# Smoant Battlestar with iJoy Combo RDTA



## Christiaan (24/3/17)

Hi all,

I've recently purchased a Smoant Battlestar mod, as well as an iJoy Combo RDTA.
On my first try, I attempted to screw the iJoy onto the Battlestar, but it for some reason does not want to screw on. My thinking is that the threads on the iJoy is too short, or the threads on the Battlestar is too deep.

Does anyone have a solution for this? I do not often buy vape gear and would not like to have to go out and buy a new mod or tank.

P.S. I've tested the iJoy on my current Kangertech subox mod. It screws on, but feels like there is too little thread. I've also screwd the subox tank onto the Battlestar, and it too fits perfectly.


----------



## Silver (24/3/17)

Hi @Christiaan 
Welcome to the forum

Strange problem you have there. Either there is something wrong with the mod's threads or with the iJoy's threads.

Do you have another atty to try screw onto the Smoant? Just to check?

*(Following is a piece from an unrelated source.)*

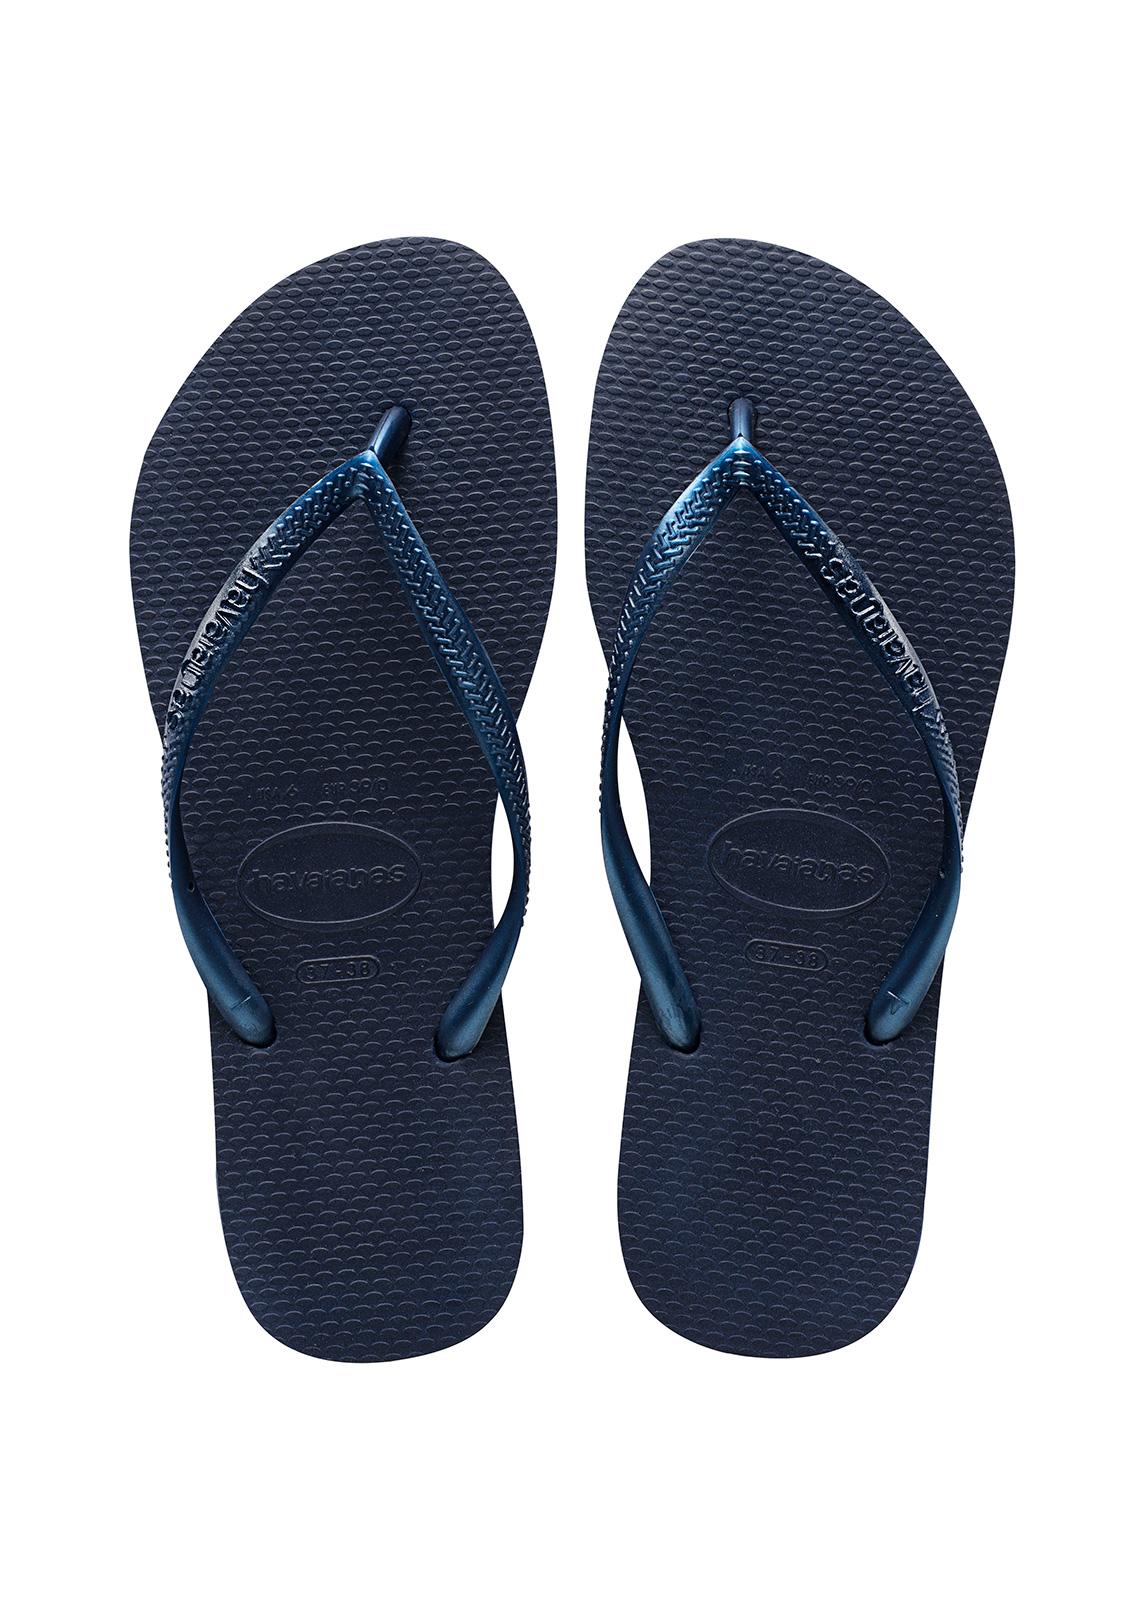 A buon mercatoHAVAIANAS SLIM Navy Blue sulla vendita
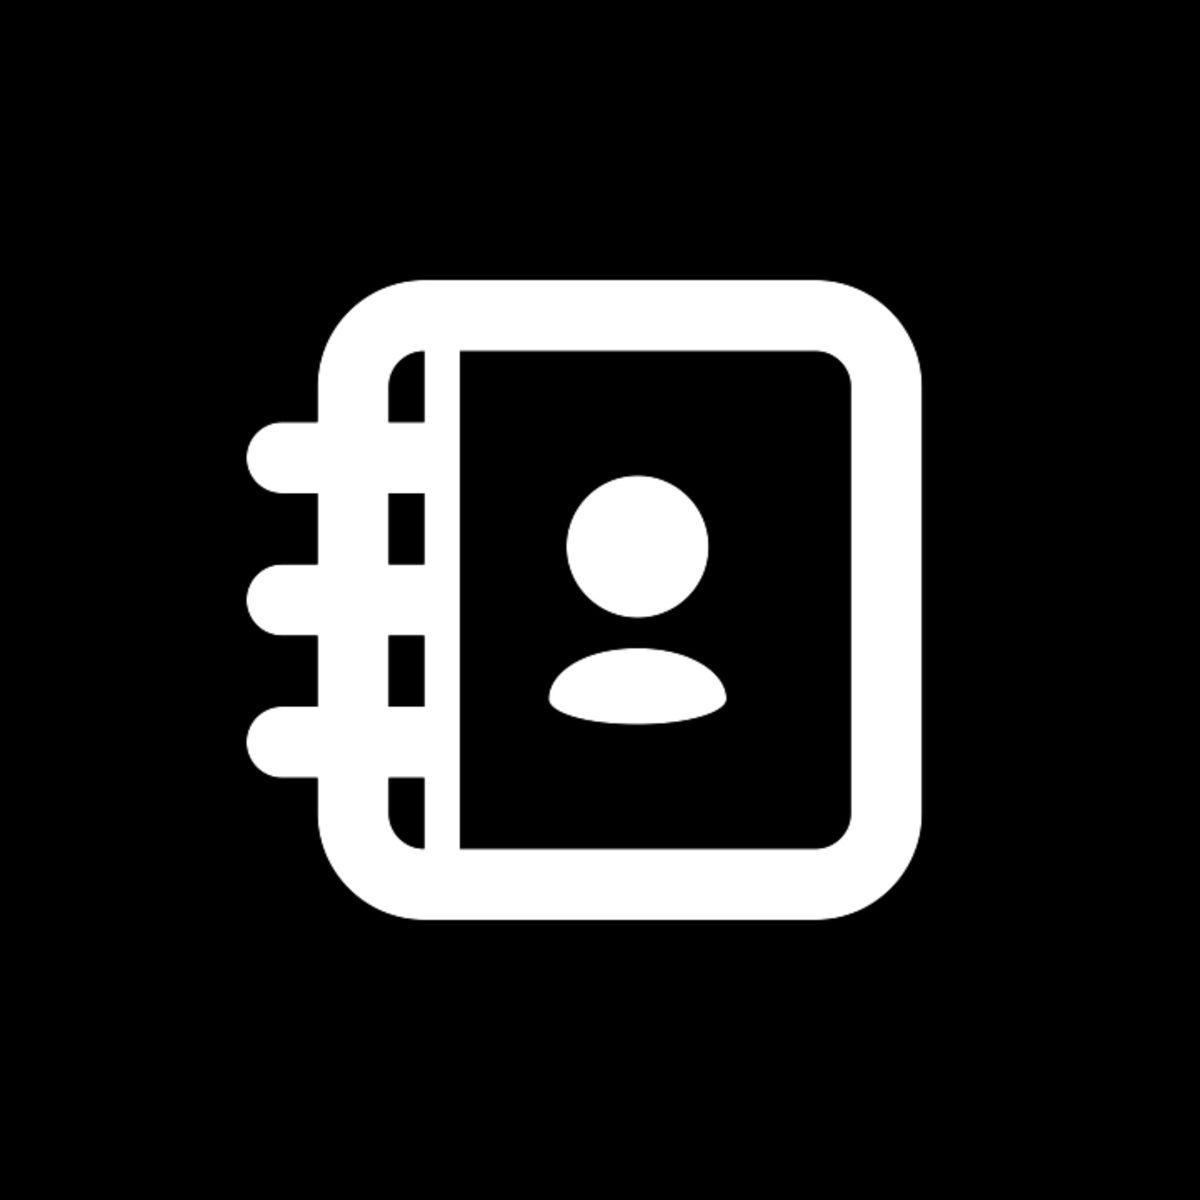 Black Contacts Icon Black App Iphone Photo App App Logo

PS - when you get a chance, feel free to introduce yourself to the community here:
https://www.ecigssa.co.za/introduce-yourselves.t24/page-432#post-515808


----------



## Christiaan (24/3/17)

Hi Silver,

I unfortunately don't. But will try to get to a vape shop asap to test it out.

Thanks!


----------



## incredible_hullk (24/3/17)

Christiaan said:


> Hi Silver,
> 
> I unfortunately don't. But will try to get to a vape shop asap to test it out.
> 
> Thanks!


@Christiaan it should work..

Check ur threads on the atty and mod I'm guessing there's an imperfection somewhere there that's avoiding complete screw on of the atty


----------



## incredible_hullk (24/3/17)

Silver said:


> Hi @Christiaan
> Welcome to the forum
> 
> Strange problem you have there. Either there is something wrong with the mod's threads or with the iJoy's threads.
> ...



I had a smoant and all my attys fitted on with no issue at all

Reactions: Like 1 | Agree 1


----------



## Christiaan (26/3/17)

Hi, 

I took it to a vape shop and they told me the iJoy and Smoant doesn't fit. Something to do with the length of the iJoy's threads not reaching the Smoant's threads. It sounds plausible, as when I try to screw the tank onto the mod, it doesn't even touch the threads.


----------



## Christiaan (26/3/17)

Here's the comparison between the iJoy and my older Subtank mini. The threads are totally different imo.


----------



## Mtoefy (26/3/17)

Hi try loosening the positive pin on the ijoy that should work







Sent from my iPhone using Tapatalk


----------



## ShamZ (26/3/17)

Mtoefy said:


> Hi try loosening the positive pin on the ijoy that should work
> 
> 
> 
> ...



Yes try that to make contact. 

Just dont lossen too much, and make sure your posts are still rigid.


----------



## Christiaan (26/3/17)

The problem is it sits flush before the threads even touch. I've even tried screwing it on without the positive pin attached just to see if that would work, but it doesn't


----------



## Highlander (26/3/17)

Christiaan said:


> The problem is it sits flush before the threads even touch. I've even tried screwing it on without the positive pin attached just to see if that would work, but it doesn't


Hi Christiaan....
It seems that you figured it out for now, it doesn't fit. Sorry


----------



## AlphaDog (26/3/17)

Christiaan said:


> Hi all,
> 
> I've recently purchased a Smoant Battlestar mod, as well as an iJoy Combo RDTA.
> On my first try, I attempted to screw the iJoy onto the Battlestar, but it for some reason does not want to screw on. My thinking is that the threads on the iJoy is too short, or the threads on the Battlestar is too deep.
> ...


Hey, I've got the white battlestar with a white ijoy limitless classic. It works perfectly... When u screw the rdta on, u gotta apply some pressure because the 510 spring on the battlestar is quite strong, which pushes the tank back up. Once the threads catch though, then it'll screw down..

Reactions: Agree 1


----------